Net recoveries were $32,000 for the three months ended March 31, 2006. This was
comprised of recoveries of $56,000 for the three months ended March 31, 2006,
partially offset by charge-offs of $24,000 for the same period.

Although management believes it has established and maintained the allowance for
loan losses at adequate levels, future adjustments may be necessary if economic,
real estate and other conditions differ substantially from the current operating
environment.
15

Noninterest Income

Noninterest income increased $105,000 to $853,000 for the three months ended
March 31, 2006 from $748,000 in the same period in 2005.

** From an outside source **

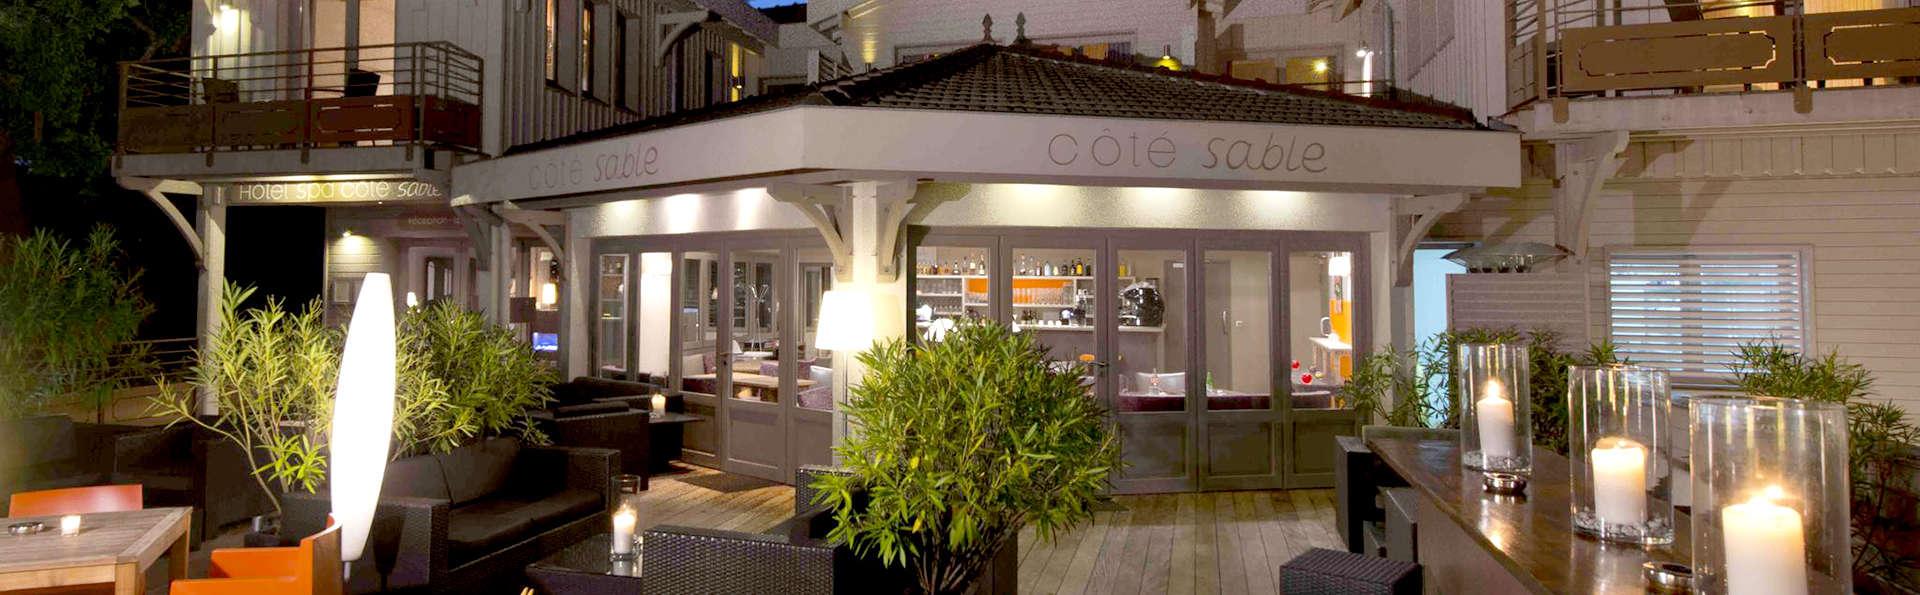 Hôtel Côté Sable - Edit_Front.jpg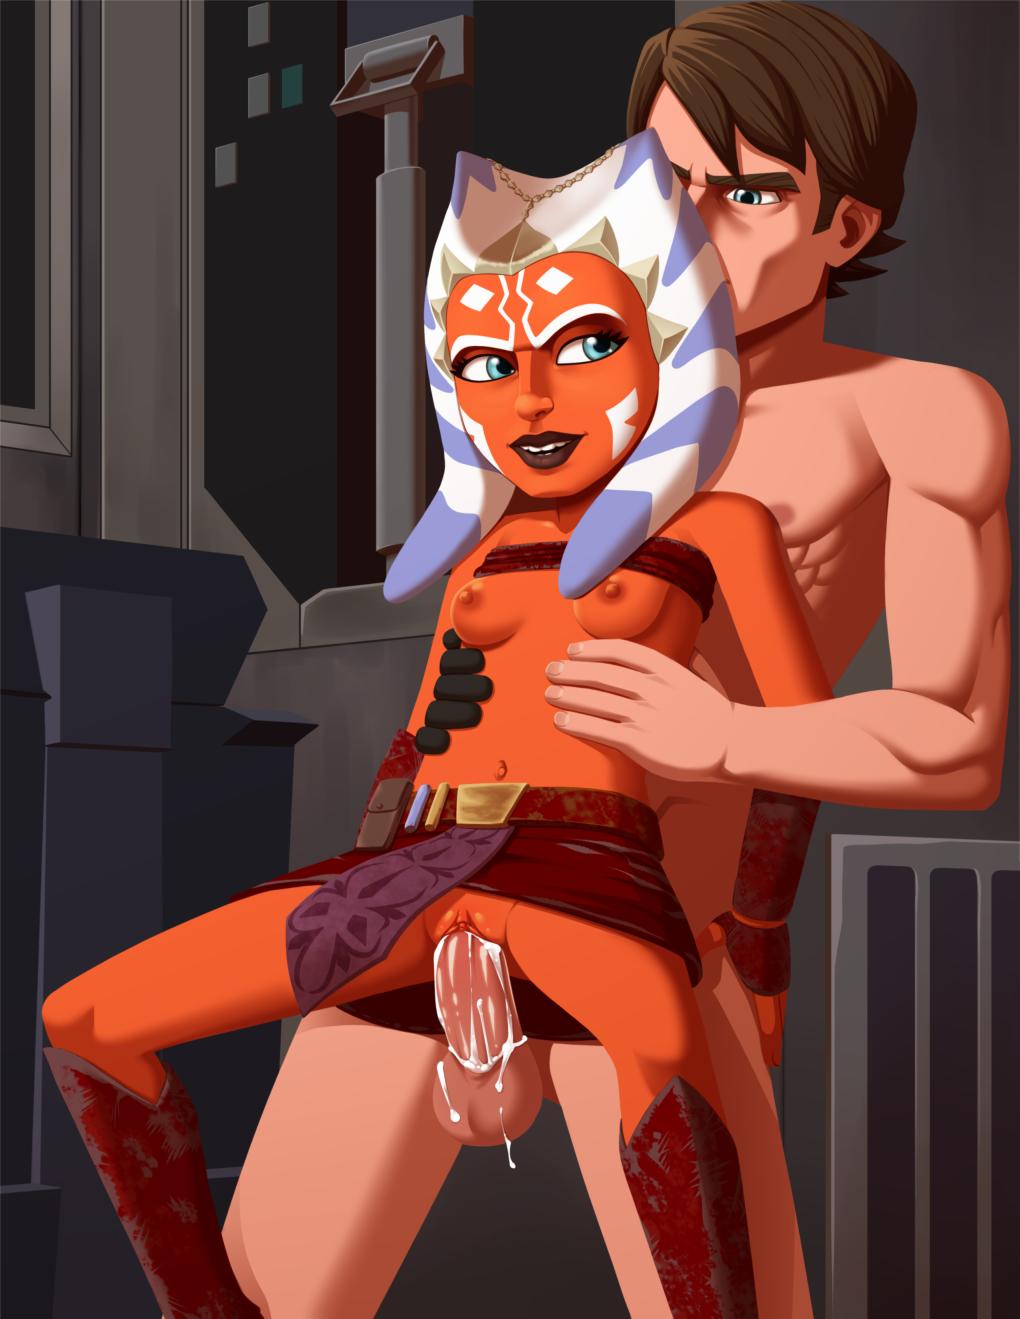 Sexy ahsoka nackt

Service charge and fee income for the three months ended March 31, 2006 was
$658,000, compared to $571,000 for the three months ended March 31, 2005. Net
checking account processing fee income was $463,000 for the three months ended
March 31, 2006 as compared to $390,000 for the same period in 2005.

Noninterest Expense

Noninterest expense for the three months ended March 31, 2006 was $4.8 million
compared to $4.6 million for the same period in 2005. Salaries and benefits
increased $271,000 to $3.0 million for the three months ended March 31, 2006.
This was primarily the result of an increase in salary expense of $99,000
related to hiring additional personnel and normal salary increases, a $101,000
increase in employee benefit plan costs, along with an additional expense of
$73,000 related to stock options. The Financial Accounting Standards Board now
requires public and nonpublic companies to recognize stock-based compensation
related to stock options in their income statements. This requirement became
effective for Westfield Financial for the fiscal year beginning on January 1,
2006. In previous periods, Westfield Financial was not required to treat
stock-based compensation related to stock options as an expense.

Income Taxes

For the three months ended March 31, 2006, Westfield Financial had a tax
provision of $449,000 as compared to $430,000 for the same period in 2005. The
effective tax rate was 25.5% for the three months ended March 31, 2006 and 22.2%
for the same period in 2005.

LIQUIDITY AND CAPITAL RESOURCES

The term "liquidity" refers to Westfield Financial's ability to generate
adequate amounts of cash to fund loan originations, loan purchases, withdrawals
of deposits and operating expenses. Westfield Financial's primary sources of
liquidity are deposits, scheduled amortization and prepayments of loan principal
and mortgage-backed securities, maturities and calls of investment securities
and funds provided by operations. The Bank also can borrow funds from the FHLB
based on eligible collateral of loans and securities. The Bank's maximum
additional borrowing capacity from the FHLB at March 31, 2006 was approximately
$12.7 million.

Liquidity management is both a daily and long term function of business
management. The measure of a company's liquidity is its ability to meet its cash
commitments at all times with available cash or by conversion of other assets to
cash at a reasonable price. Loan repayments and maturing investment securities
are a relatively predictable source of funds. However, deposit flow, calls of
investment securities and repayments of loans and mortgage-backed securities are
strongly influenced by interest rates, general and local economic conditions and
competition in the marketplace. These factors reduce the predictability of the
timing of these sources of funds. Management believes that Westfield Financial
has sufficient liquidity to meet its current operating needs.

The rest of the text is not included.